Jatuhnya Bursa Saham

Dampak lain yang terjadi akibat krisis moneter di Amerika Serikat adalah jatuhnya
bursa saham yang terjadi dalam pertengahan Oktober 2008. Meskipun para ahli ekonomi
menilai kecil kemungkinan krisis ini menjelma menjadi krisis ekonomi berupa ambruknya
perbankan dan sektor riil. Namun untuk meningkatkan kepercayaan pelaku pasar, pemerintah
sebaiknya fokus menjaga daya beli masyarakat.

Pada hari Jumat tanggal 10 Oktober 2008, pemerintah membatalkan rencana


pembukaan kembali perdagangan di Bursa Efek Indonesia (BEI) yang ditutup pada hari
Rabu, 8 Oktober 2008. Hal ini dilakukan karena otoritas bursa ingin melindungi emiten.
Emiten perlu dilindungi dari kemungkinan keterpurukan nilai harga saham akibat sentimen
negatif pasar terhadap kondisi keuangan global yang sedang krisis.

Para ahli menilai tingkat krisis yang dihadapi Indonesia sangat berbeda dengan Amerika
Serikat (AS), Eropa, dan negara maju lainnya. Di AS, krisis telah merasuk ke semua sektor,
mulai dari pasar modal, perbankan, hingga sektor riil.

Namun, di Indonesia krisis hanya terjadi di pasar modal. Krisis yang terjadi di pasar
modal dinilai tidak mudah bertransmisi ke sektor lain mengingat kontribusi pasar modal
dalam sistem keuangan Indonesia amat kecil.

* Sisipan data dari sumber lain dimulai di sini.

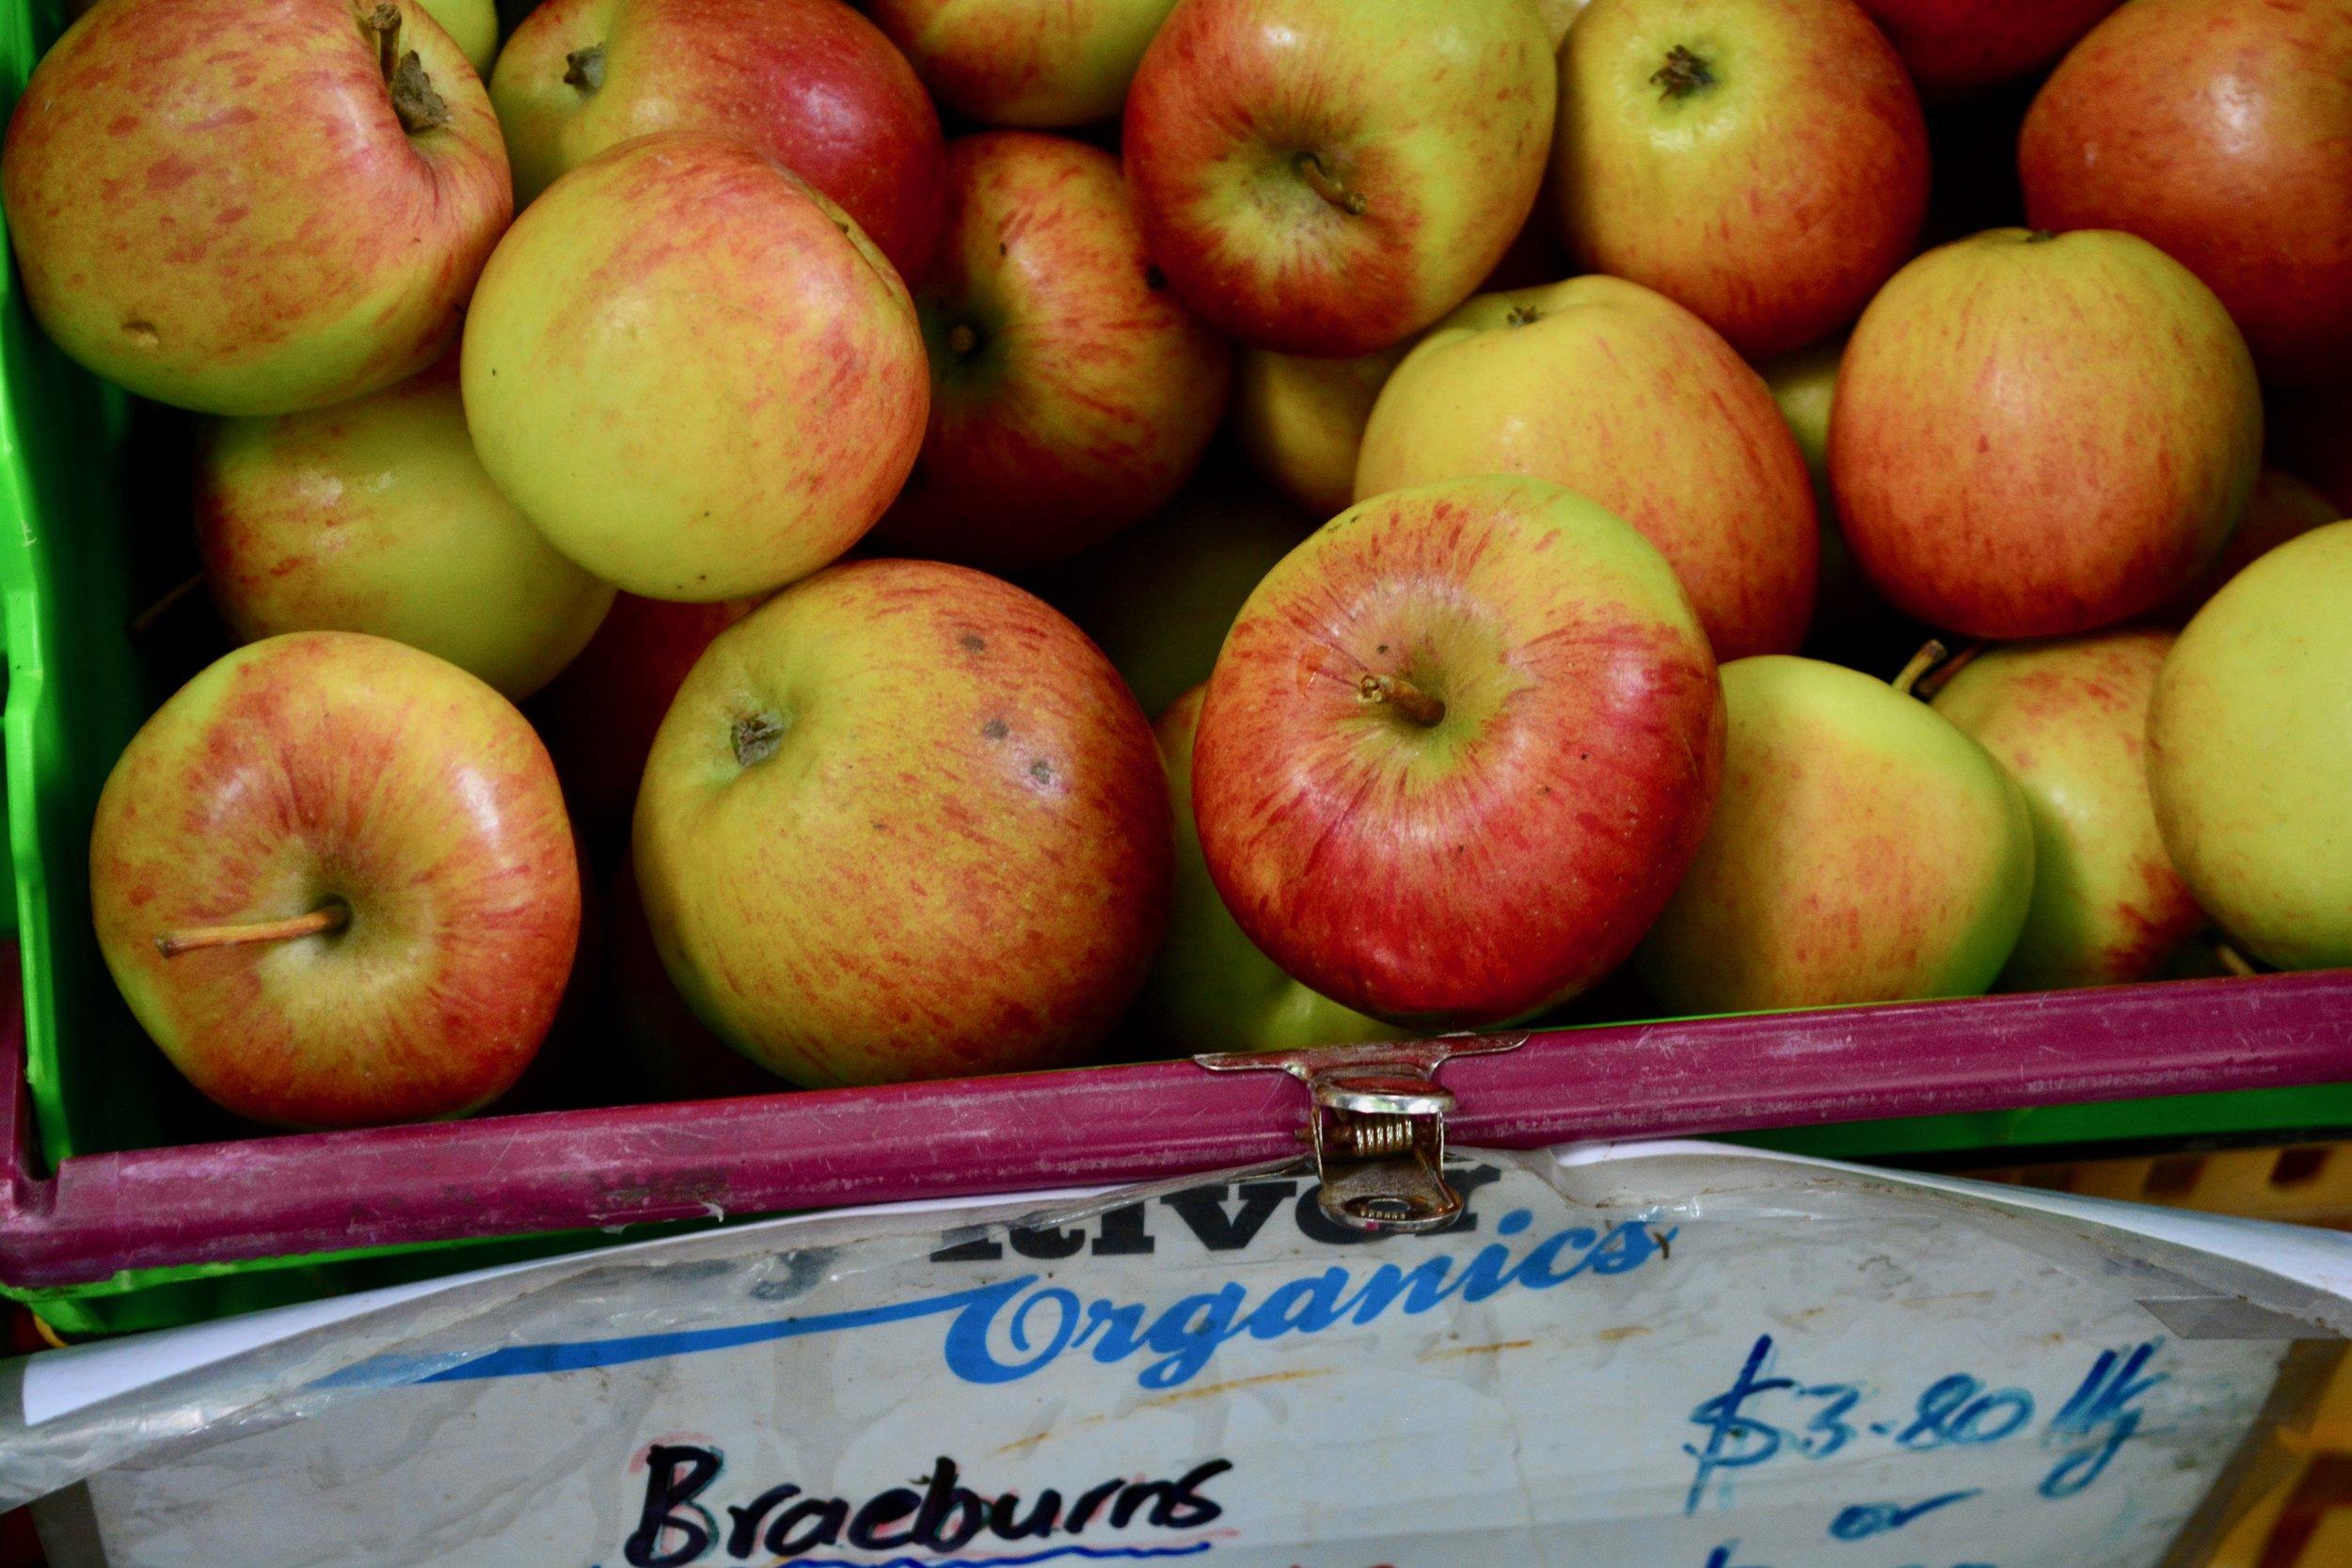 Apples at Christchurch Farmer's Market

Wakil Presiden Jusuf Kalla juga memberikan pendapatnya di sebuah surat kabar bahwa
sebenarnya ekonomi tidak terlalu terpengaruh dengan ambruknya bursa dunia, seperti Wall
Street. ”Perbedaannya, kita banyak menggantungkan pada ekonomi domestik. Seperti di AS,
pengaruh bursa itu sampai 1,5 kali dari produk domestik bruto mereka. Kalau kita
pengaruhnya hanya 20 persen. Jadi, jangan terlalu dirisaukan,” kata Wakil Presiden dalam
sebuah wawancara di media massa.

Penyesuaian yang terjadi di pasar modal dan nilai tukar domestik merupakan hal wajar
karena seluruh dunia terkena imbas krisis keuangan AS. Penurunan ekonomi AS dan Eropa
dinilai tidak perlu dikhawatirkan mengingat peran mereka dalam perdagangan dunia makin
menyusut. Sebagai gantinya, kini muncul kekuatan ekonomi baru, seperti China, India, dan
Rusia.

Krisis keuangan global yang terjadi saat ini merupakan koreksi atas kesenjangan (gap)
yang terjadi antara pertumbuhan sektor riil dan sektor finansial. Koreksi berupa penurunan
harga-harga di sektor finansial dan kenaikan harga-harga di sektor riil, seperti harga
komoditas.

Hal tersebut memberikan gambaran kepada kita bahwa meskipun krisis moneter di
Amerika Serikat telah memicu krisis ekonomi global, dan di Indonesia juga terkena
dampaknya dengan melemahnya nilai Rupiah dan jatuhnya pasar saham, kita tidak perlu
khawatir karena krisis tersebut tidak akan melumpuhkan perekonomian Indonesia seperti
yang terjadi pada sepuluh tahun yang lalu.